The lid separator 200 generally includes a shaft 210 having a first end 212 and an opposing second end 214. The shaft 210 is threaded along at least a first portion 216 of the shaft 210. In some embodiments, the shaft may include relief formed at at least one of the first end 212 or the second end 214, such as a radius, bevel, chamfer, or the like. The shaft 210 can be fabricated from any process compatible material suitable to withstand the forces on the threads and expected temperatures during processing. For example, the shaft can be fabricated from a metal, such as a high ductile steel or a stiff steel alloy, for example stainless steel.
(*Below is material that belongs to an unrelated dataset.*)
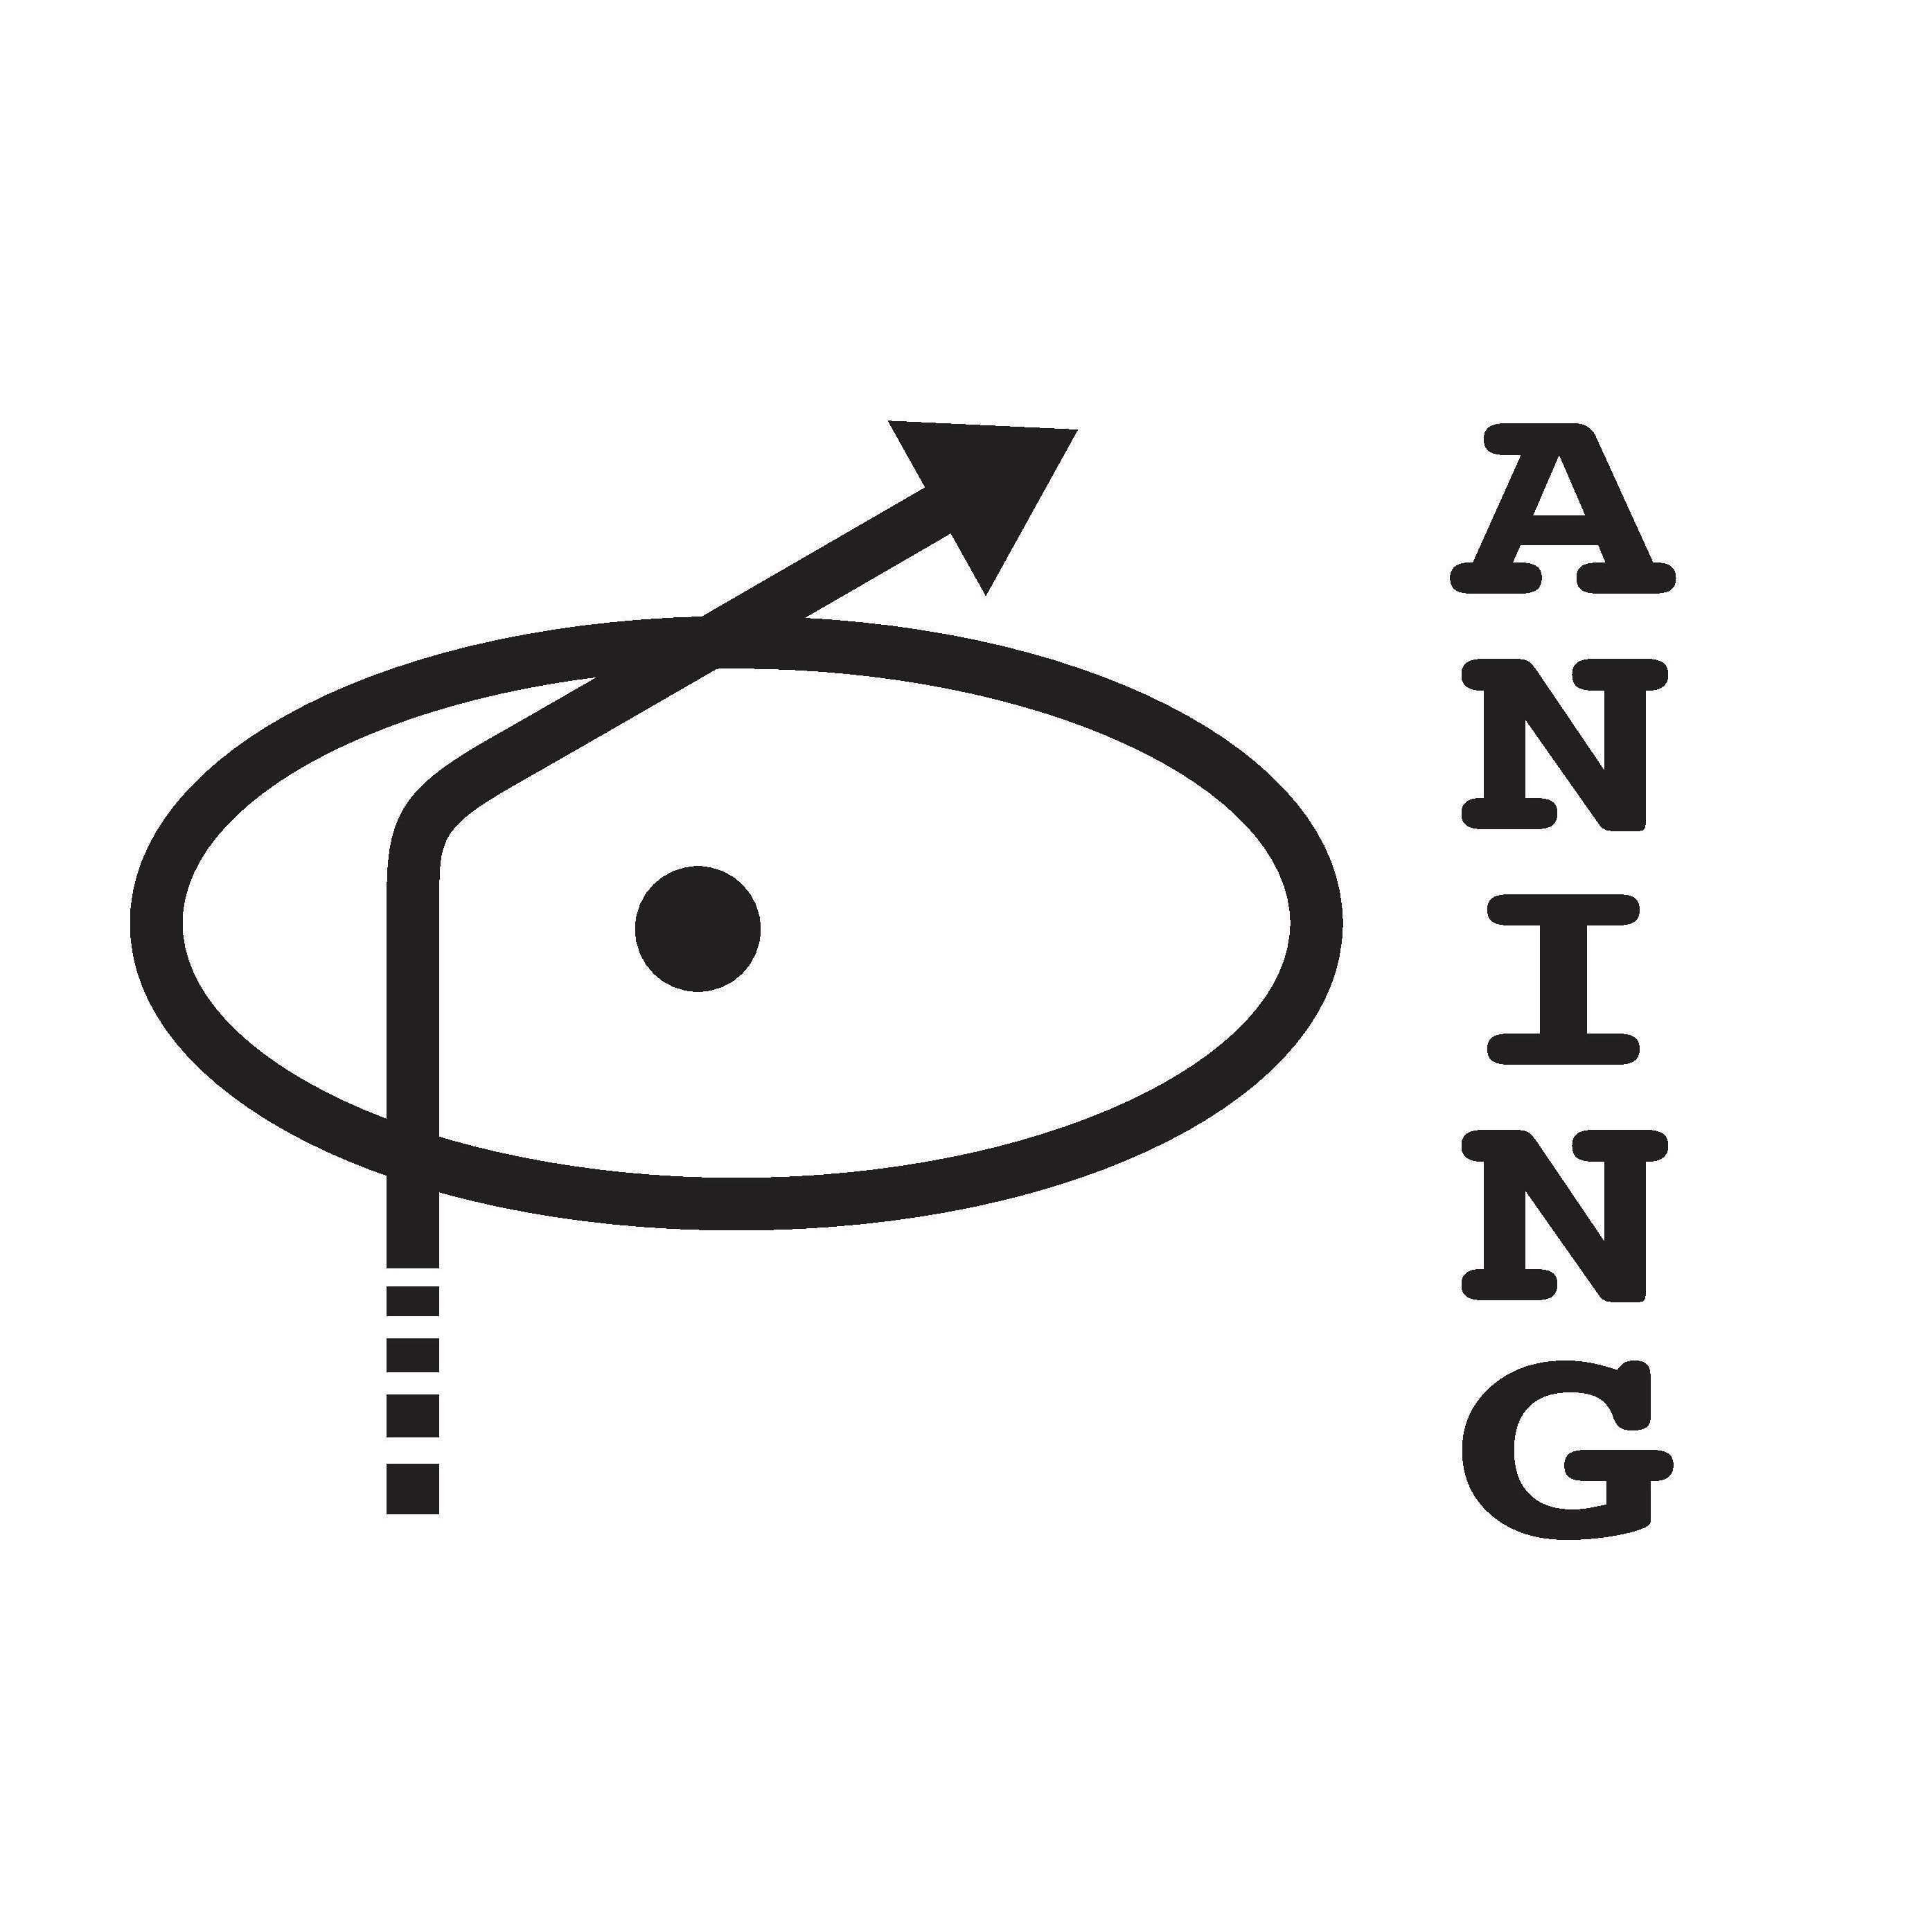 Aning - Förening för filosofi och psykoanalys

In some embodiments, a drive feature is disposed in at least one of the first end 212 or the second end 214 of the shaft 210. In some embodiments, a drive feature is disposed in each of the first end 212 and the second end 214 of the shaft 210. In the embodiment depicted in
Providing a drive feature in the top (e.g., second end 214) of the lid separator advantageously facilitates rotation of the lid separator to advance (e.g., move contact pad toward chamber body) or retract (e.g., move contact pad away from chamber body) the contact pad of the lid separator. Providing a drive feature in the bottom (e.g., first end 212) of the lid separator advantageously facilitates rotation of the lid separator to more rapidly install the lid separator through the bottom of the lid.
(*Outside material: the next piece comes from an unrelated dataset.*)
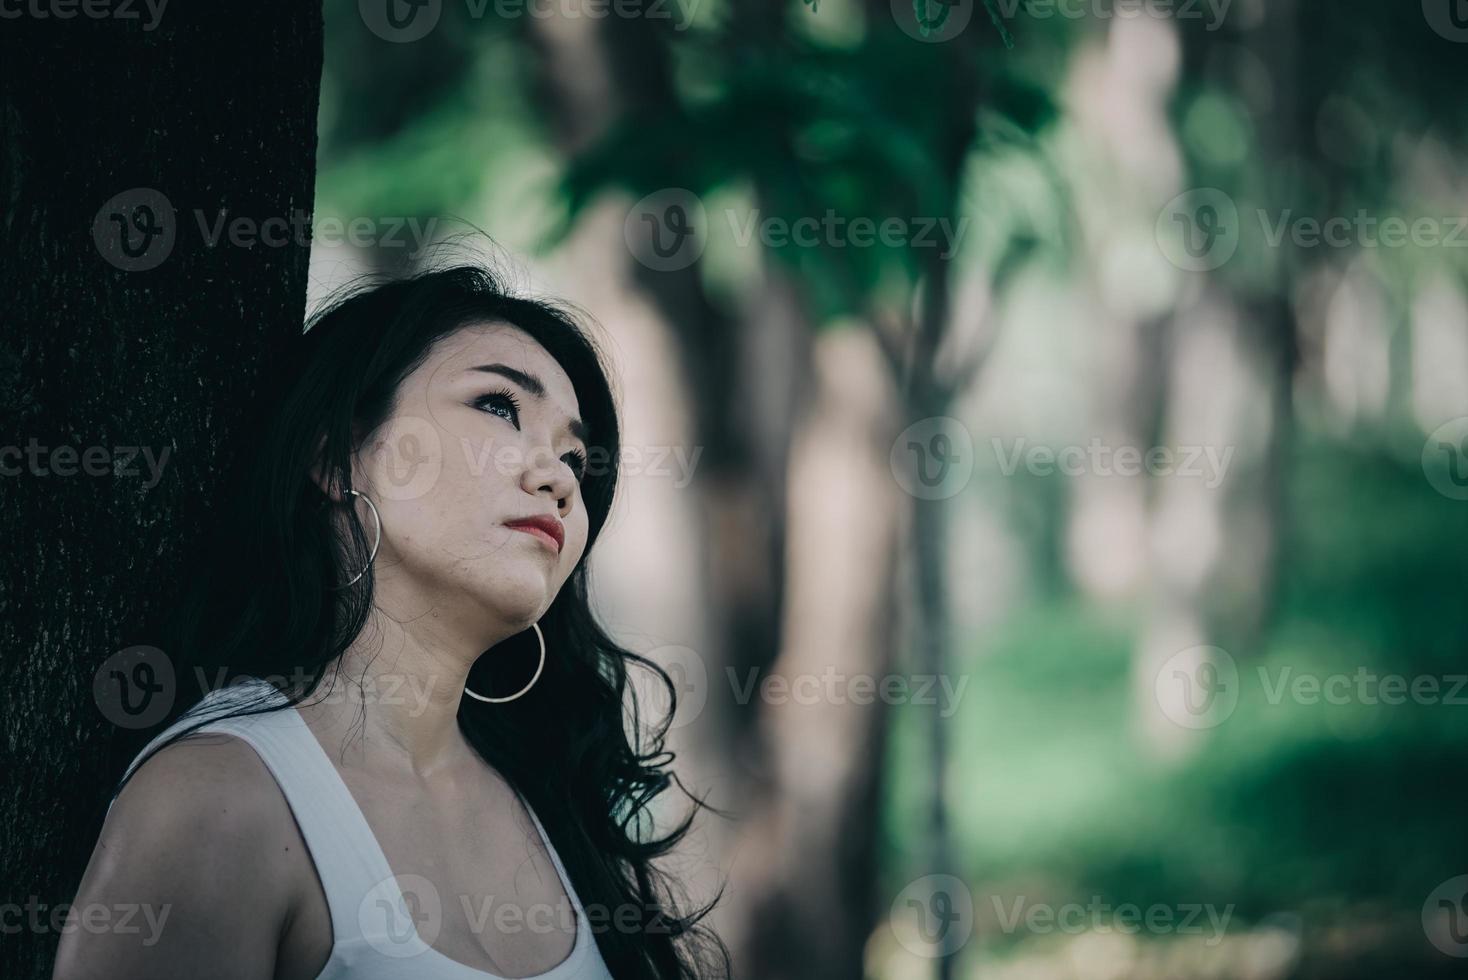 Grosse femme triste et solitaire, elle réfléchit à l'amour, au chagrin, au cœur brisé à cause de la déception, les thaïlandais photo

In some embodiments, the first portion 216 of the shaft 210 has the largest diameter of the shaft 210. In some embodiments, the shaft 210 includes a first step 222 having a first reduced diameter disposed adjacent to the first portion 216. The first step 222 defines a first shoulder 226 where the diameter of the shaft 210 changes from the first portion 216 to the first step 222. In some embodiments, the shaft 210 further includes a second step 224 having a second reduced diameter, smaller than the first reduced diameter, disposed adjacent to the first step 222 and between the first step 222 and the first end 212 of the shaft 210. The second step 224 defines a second shoulder 228 where the diameter of the shaft 210 changes from the first step 222 to the second step 224.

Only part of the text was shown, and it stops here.